Reno projesini ilk sunduğunda reddedilmiş, ancak takdire şayan ve iddialı bir şehir ulaşımı önerisi için örnek alınmış. Lehigh Üniversitesi Reno’nun mezuniyet belgelerine göre;
1896 yılının başında Newyork’taki yetkililer şehrin caddelerindeki iki katlı bir metro sistemi inşa etmeyi planlıyorlardı. Reno’nun da bunu kolaylaştıracak benzer planları vardı. Planlar, yolcuları sokaktan metro istasyonuna taşımak için kullanılacak eğimli asansörler gibi tasarımları içeriyordu. Projesi reddedildi, ancak fikirlerinin kullanılabileceği ve yeni projeler oluşturulabileceğine karar verildi.
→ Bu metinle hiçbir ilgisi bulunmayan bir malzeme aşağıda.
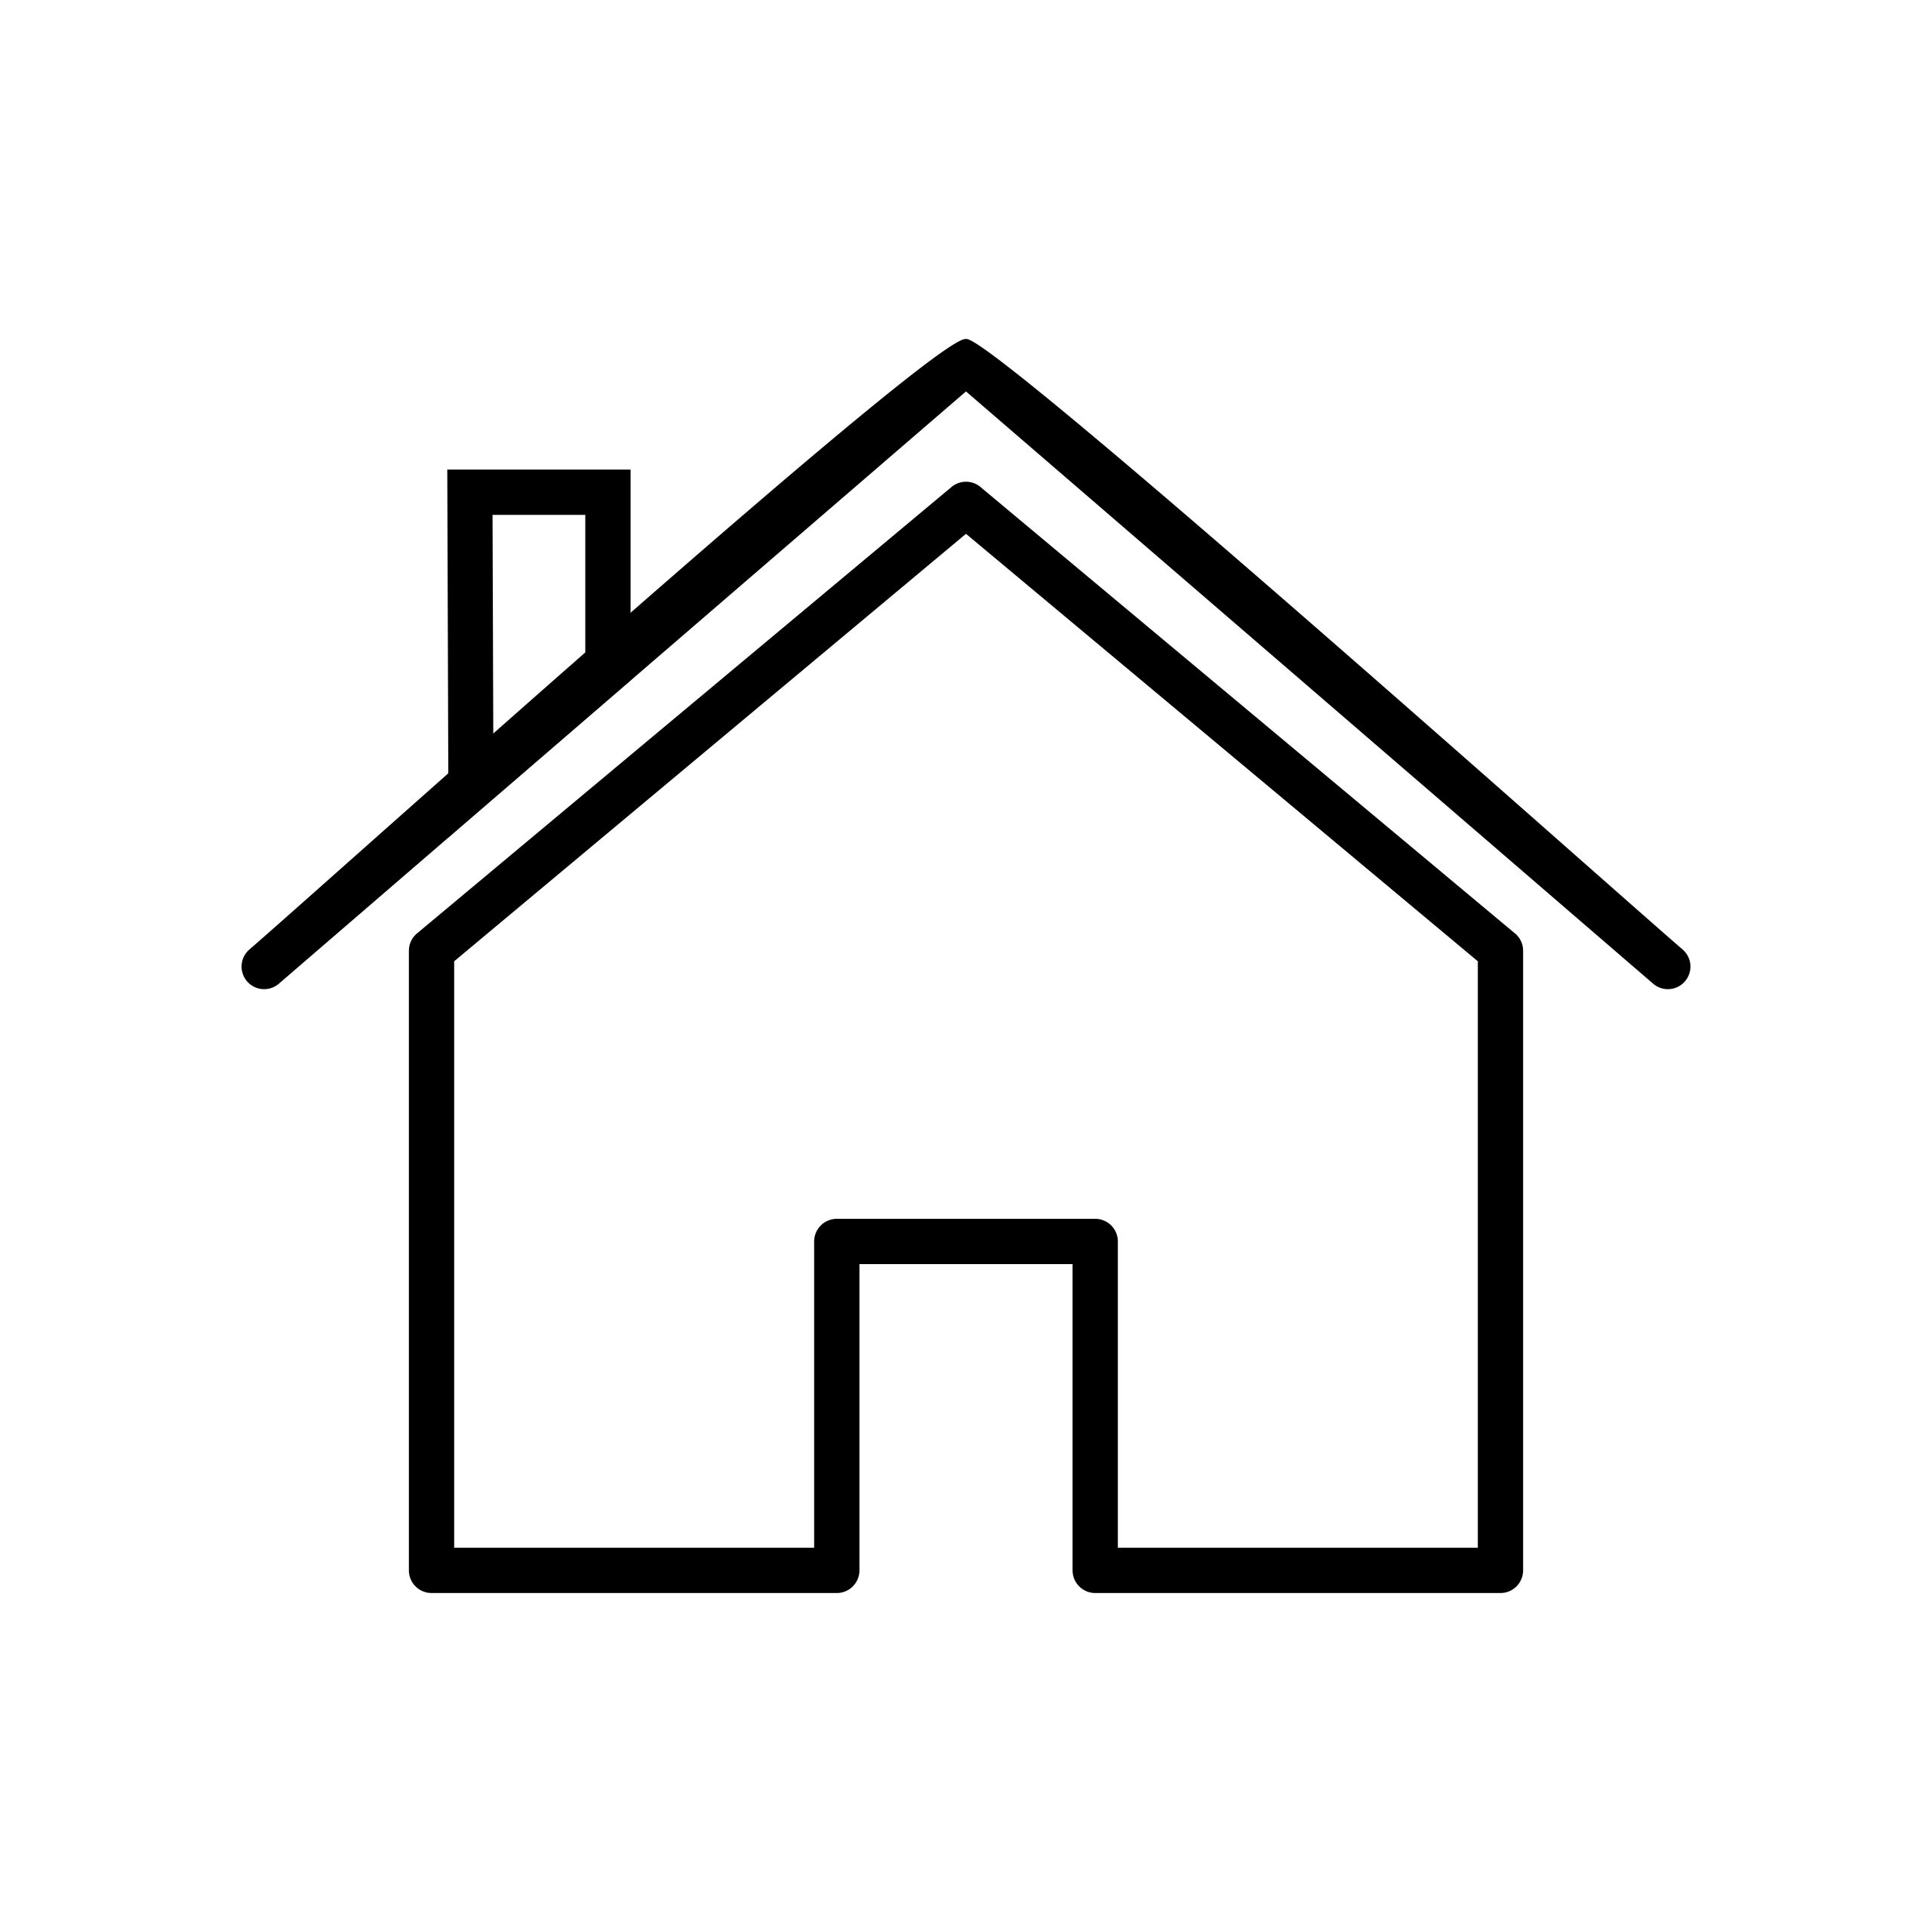 House Sign Icon Vector Illustration For Personal And Commercial Use...
Clean Look Trendy Icon...

Eğimli asansörde bulunan birçok yenilikçi özellik, günümüzdeki modern yürüyen merdivende de bulunur, kauçuk kaplı zincir sapı ve merdivenin her iki ucundaki parmaklarda tarak da vardır. Bu son özellik kullanıcının ayaklarını ve diğer nesneleri zeminden çıkarırken konveyörün hareketine yapışmasını engeller. Günümüzde sık rastlanan, modern yürüyen merdivenlere kıyasla Reno’nun icadı basit gibi görünse de olağanüstüydü.
Coney Adası’nda kurulan yürüyen merdivenin örnek olmasıyla, aynı tarihlerde yenileri yapılmaya başlandı. Brooklyn Köprüsü’nün Manhattan girişinde geçici olarak bir yürüyen merdiven kuruldu. Bunu takip eden yıllarda sayıları daha da arttı ve başta İngiltere olmak üzere bir çok yerde yürüyen merdivenler kullanılmaya başlandı.